Çelik Sektöründeki Kayıpların Ekonomiye Yükü Artıyor Tarih: 24 November 2016
Türkiye’nin sahip olduğu ihtiyacının üzerindeki çelik kapasitesine rağmen, dış ticaretin bu ölçüde açık vermesi sürdürülemez görünüyor. Türkiye açısından kaynak israfı ve cari işlem dengesinde ciddi açığa yol açan bu durum, ekonominin içini boşaltıyor. Diğer taraftan, ithalattaki artışta Dahilde İşleme Rejimi (DİR) kapsamında yapılan ithalattaki olağanüstü artışın etkili olduğu gözleniyor. Bu yılın ilk 6 ayında Dahilde İşleme Rejimi kapsamında yapılan ithalat % 61 oranında artışla, 2.78 milyon tondan, 4.49 milyon tona ulaşmış bulunuyor. DİR kapsamında yapılan ithalattaki yüksek oranlı artışa rağmen, yılın ilk yarısında ihracatın 1 milyon tonun üzerinde gerilemiş olması, DİR’in yıllardır konuşulan işlevini masaya yatırma ihtiyacını ortaya çıkarmış bulunuyor.
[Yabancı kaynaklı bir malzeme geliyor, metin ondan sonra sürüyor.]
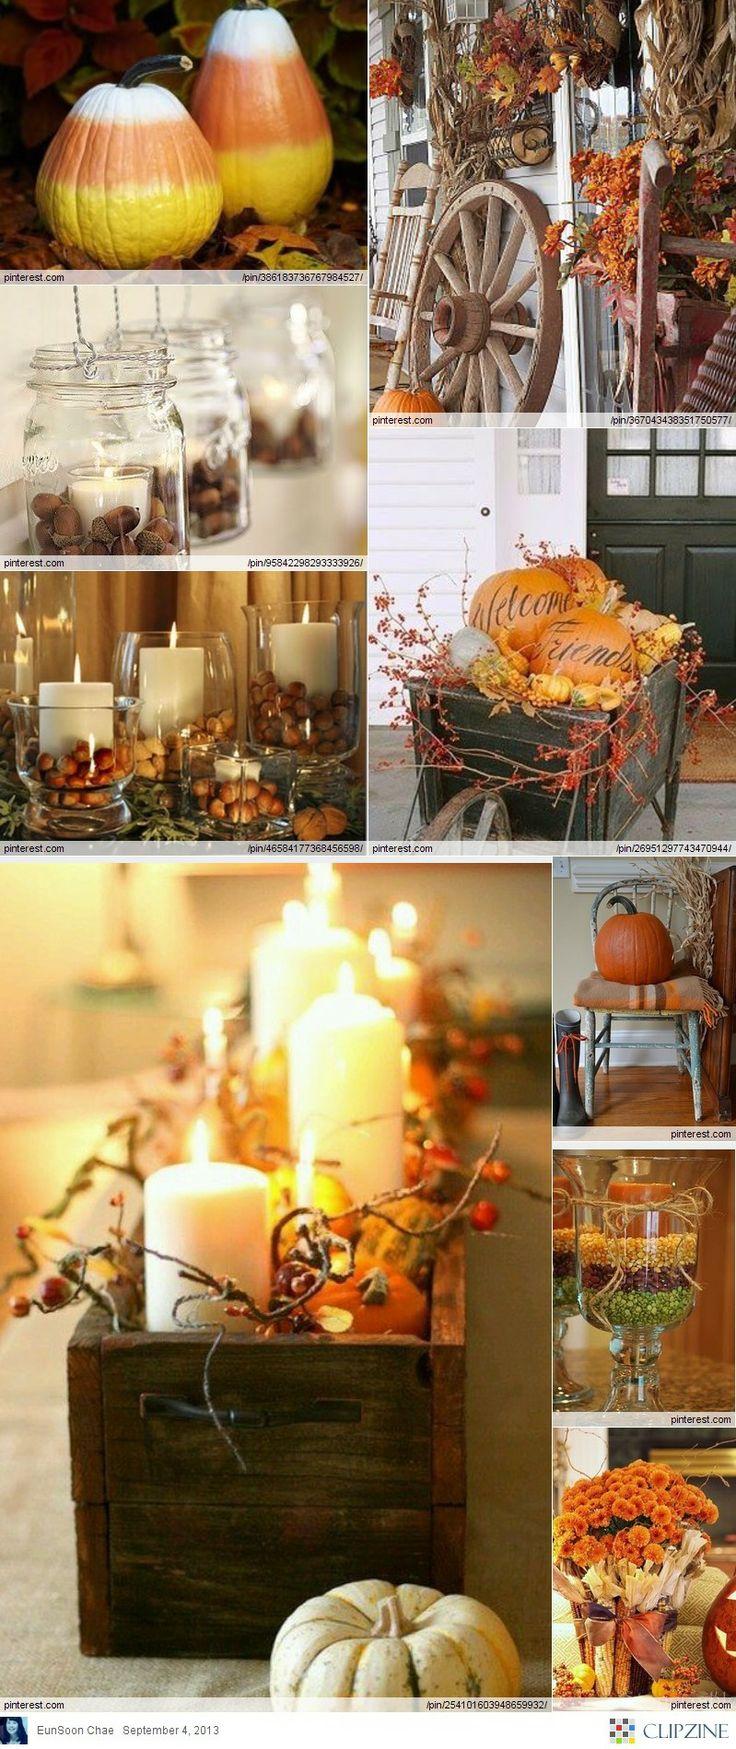 fall decorating ideas halloween pinterest. Black Bedroom Furniture Sets. Home Design Ideas

Bugün geldiğimiz noktada, DİR ihracat için değil de, daha çok ithalat için çalışıyor görüntüsü veriyor. İhracat yapıyor olmak kaydıyla ithalat imtiyazı sağlayan DİR’in gözden geçirilerek, ihracatı gerçekten destekleyen, ucuz ve kalitesiz ürünlerin ithal edilip yurtiçinde satılmasını engelleyen ve ihracatta yurtiçinden girdi kullanımını da teşvik eden bir yapıya oturtulmasına ihtiyaç duyuluyor.
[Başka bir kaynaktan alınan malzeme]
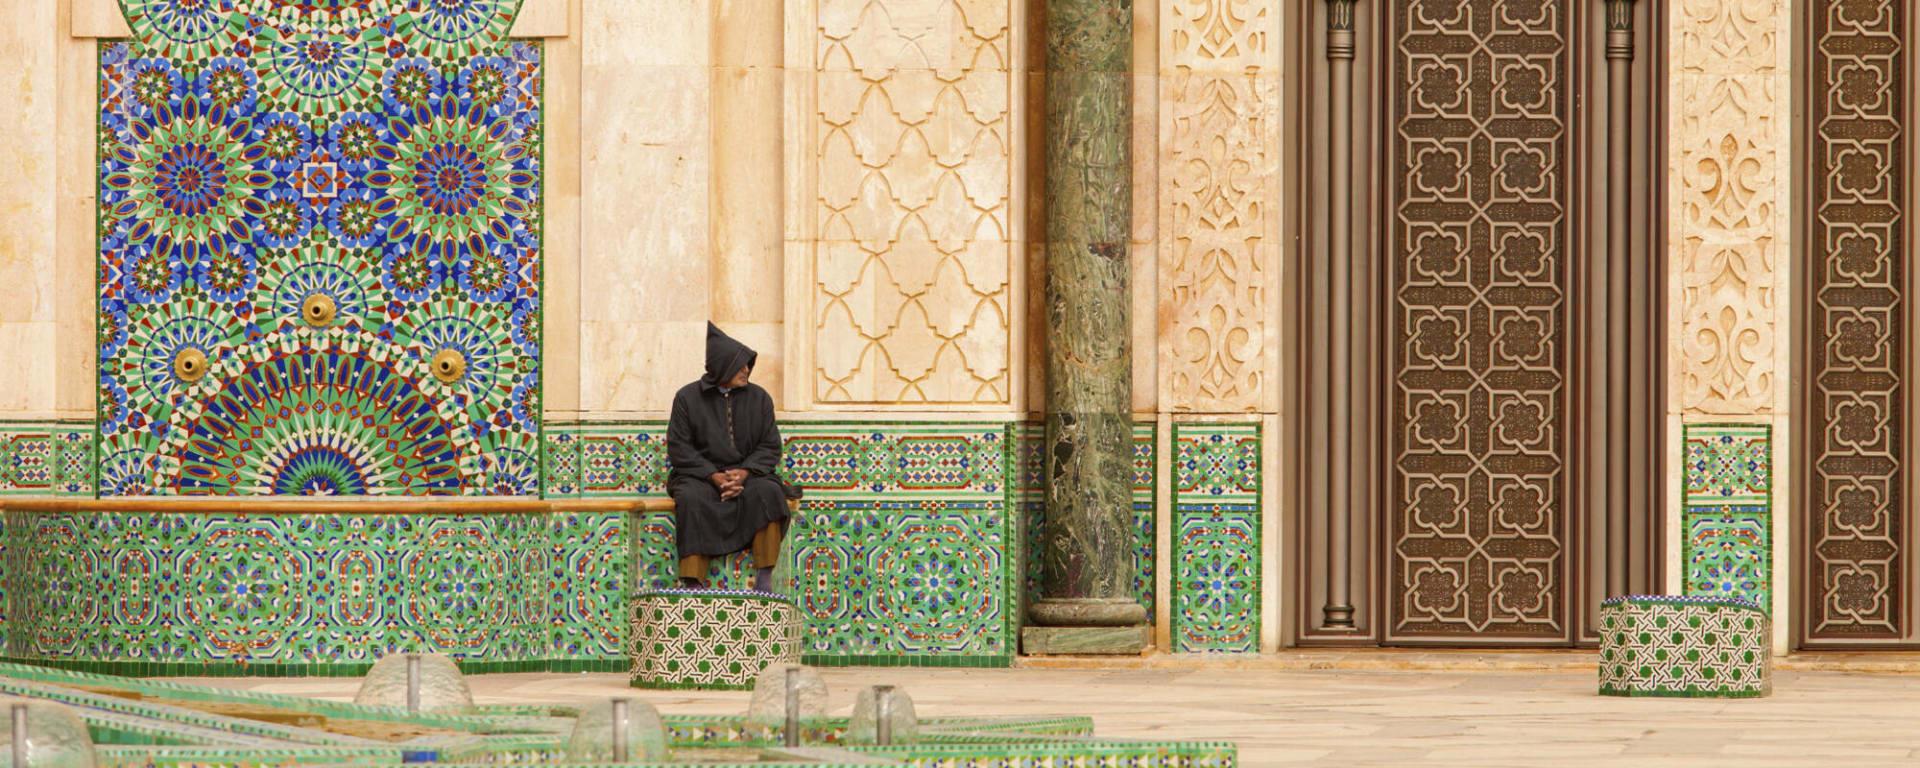 Höhepunkte Marokkos ab Casablanca: Casablanca Hassan II Moschee

Dahilde İşleme Rejimi kapsamındaki ithalatın son aylardaki hızlı artışında, sektörün müracaatı üzerine açılan damping soruşturmalarının da etkili olduğu gözleniyor. Özellikle Çin menşeli çelik ürünlerinin DİR kapsamındaki ithalatının 6 misli artmış olması, damping soruşturmaları önlemle neticelense bile, DİR kanalının bu önlemleri aşmada bir enstrüman olarak kullanılmasına devam edilebileceğini gösteriyor. Aslında Çin’in dünya çelik sektöründe yol açtığı tahribatın engellenmesini teminen, dünya ülkelerinin uygulamaya aktardıkları tedbirler net bir şekilde biliniyor ve Çin dünyada en fazla korunma tedbirine maruz kalan ülke olmaya devam ediyor. Dünya ülkelerinin birbiri ardına Çin menşeli çelik ürünleri ithalatına karşı % 130’a varan oranlarda anti-damping ve telafi edici vergi oranları açıklıyor olmaları da, Çin menşeli çelik ürünlerinin adil ticareti bozucu etkilerini ortaya koyuyor.
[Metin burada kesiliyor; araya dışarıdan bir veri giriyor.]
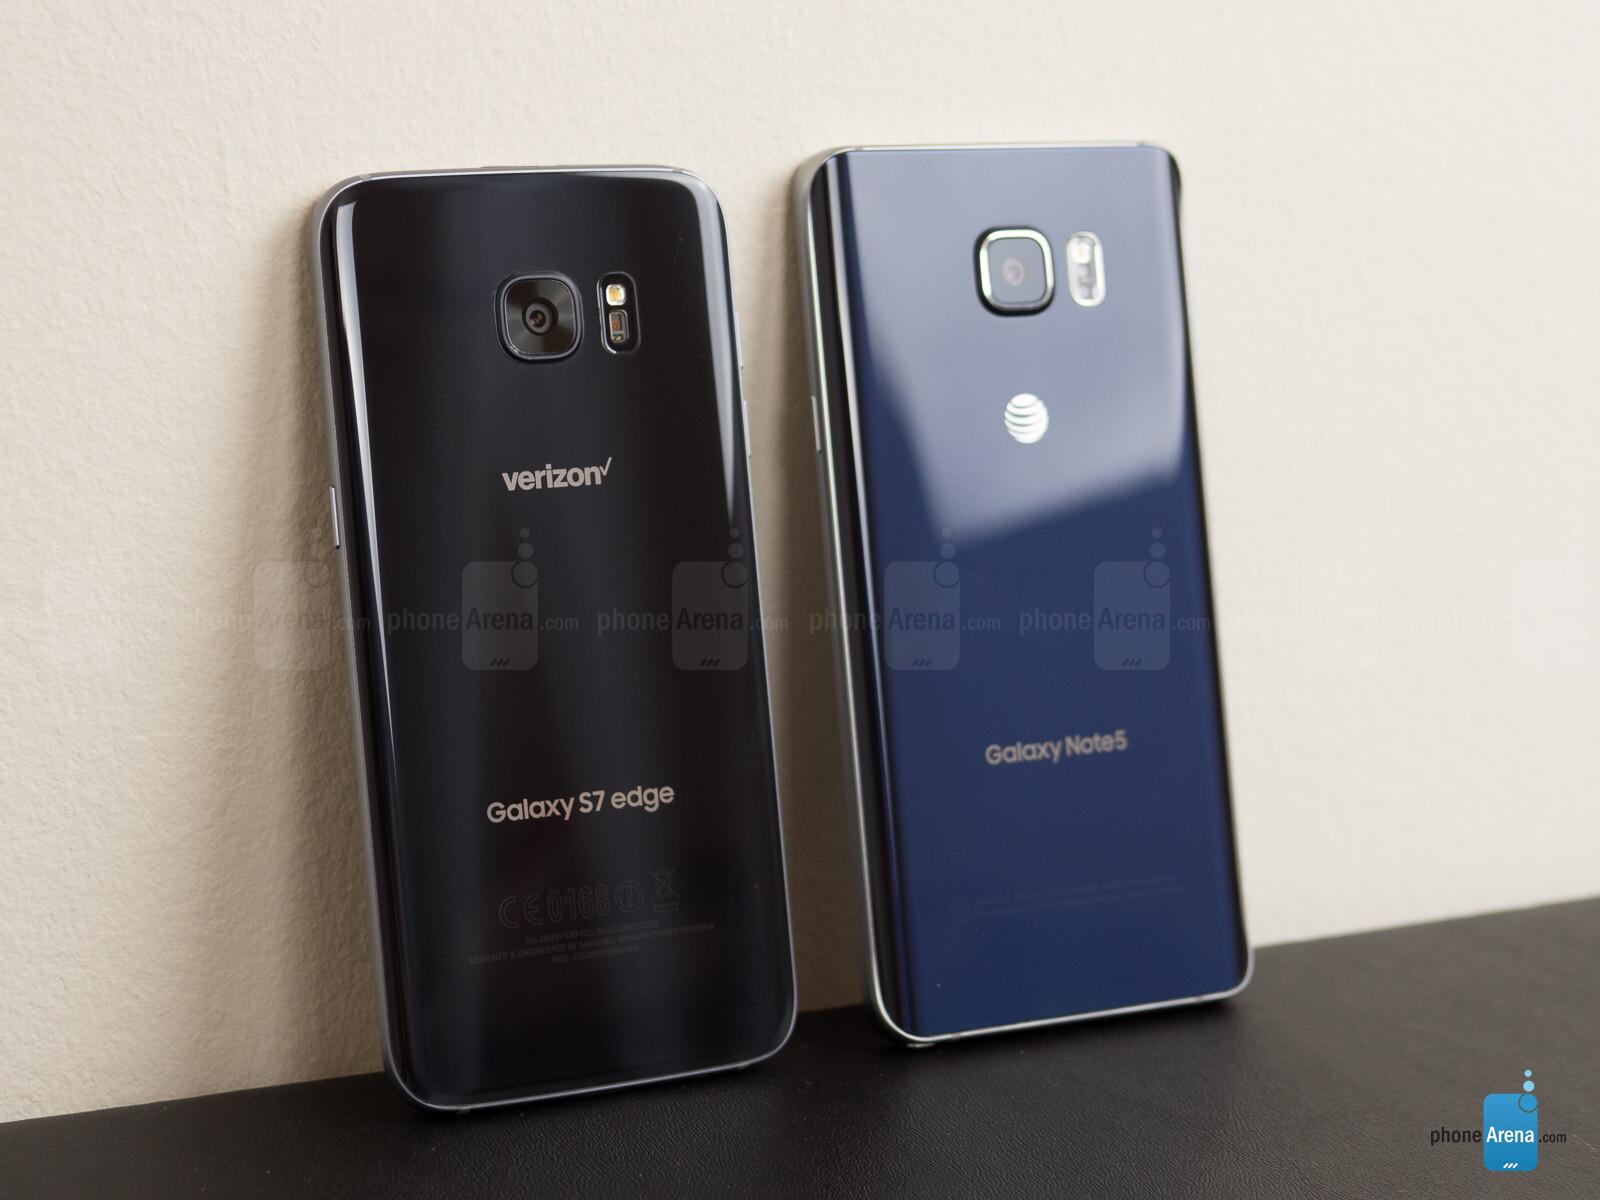 Samsung Galaxy S7 edge vs Samsung Galaxy Note 5 - Call

Çin’in 400 milyon ton düzeyindeki kapasite fazlalığı yanında, tüketimindeki düşüş sebebiyle, her yıl artan ihtiyaç fazlası üretimin, diğer ülkelerdeki çelik piyasalarına yönlendirmesi, dünya çapında çelik pazarlarındaki ve fiyatlarındaki dengeleri derinden sarsıcı etkiler yaratıyor. Bu durum her ülkenin stratejik sektör olarak kabul ettiği kendi çelik sektörünü koruyucu tedbirler almasına yol açıyor. Türkiye’de bu tedbirlerin alınmasında gecikildiği görülüyor. Son 3 yıl içerisinde, üretimde ortaya çıkan % 11 civarındaki kayıp yanında, ihracatın 3.3 milyon ton ile miktar açısından % 16; değer açısından % 27 düştüğü, ithalatın ise miktar açısından % 52, değer açısından, % 11 oranında arttığı görülüyor. Başka bir ifade ile, son 3 yıl içerisinde çelik ürünleri ihracatında 4.6 milyar dolar tutarındaki gerileme ve çelik ürünleri ithalatında 1.3 milyar dolar tutarındaki artış yüzünden, sadece çelik ürünleri ticaretinin cari işlemler dengesi üzerinde 6 milyar dolar civarında negatif etki yaratmış olması, geçmişte dünyanın en hızlı büyüyen çelik sektörleri arasında yer alan çelik sektörümüzün içerisinde bulunduğu olumsuzlukları ve bu duruma acil çözüm üretilmesinin ekonomi açısından hayati önemini ortaya koyuyor.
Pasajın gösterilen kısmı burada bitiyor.